Open pauljskim opened 6 years ago
For the front-end: You can use any front-end that can produce HTK-style phone or state-level labels. Just use that front-end to make them instead of Festival. For the vocoder: You should changes the Merlin configuration file for the acoustic model to output the appropriate streams for your vocoder of choice and also change the parameter dimensions. Then extract parameters using your vocoder of choice.
The language processor is separate from Merlin so you can use any TTS system to produce your HTS-style label files.

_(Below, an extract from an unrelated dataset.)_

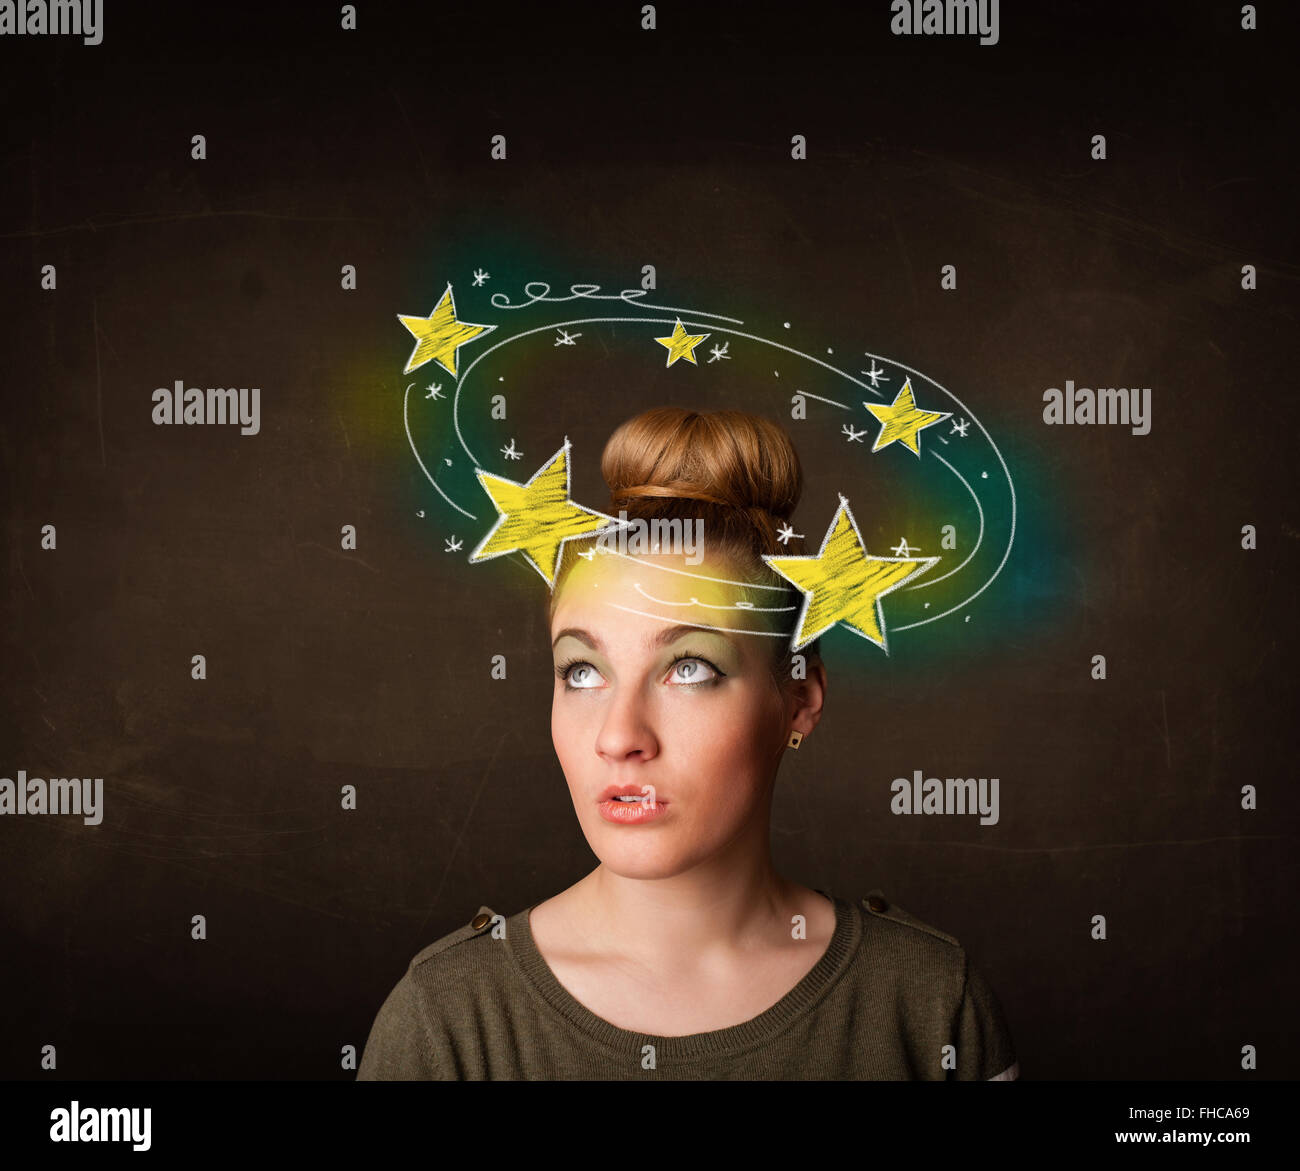 Mädchen mit gelben Sternen Circleing um ihren Kopf Abbildung Stockfoto

To use a different vocoder, you can add it to merlin/tools, add a feature extraction script to merlin/misc/scripts/vocoder and add a section in configuration/configuration.py to define the features and dimensions. For instance @bajibabu has added Helsinki's GlottHMM vocoder and I have tested it in the past. See his repo https://github.com/bajibabu/merlin
https://github.com/bajibabu/merlin is a bit detached from current master, but @bajibabu just added a pull request with same functionality. Check https://github.com/CSTR-Edinburgh/merlin/pull/233 There's support for GlottHMM and also for @gillesdegottex 's excellent https://github.com/gillesdegottex/pulsemodel
Also, I'd like to make the distinction that the GlottHMM vocoder is mostly Aalto University ;) (same city, different Uni)
You are right, I didn't say University of Helsinki, just Helsinki, but I did mean to say Aalto university. Keep up the good work!
I would like to change the language processor and vocoder in merlin.
However, I do not know which part of the code to fix,
I would appreciate your advice.
Thank you.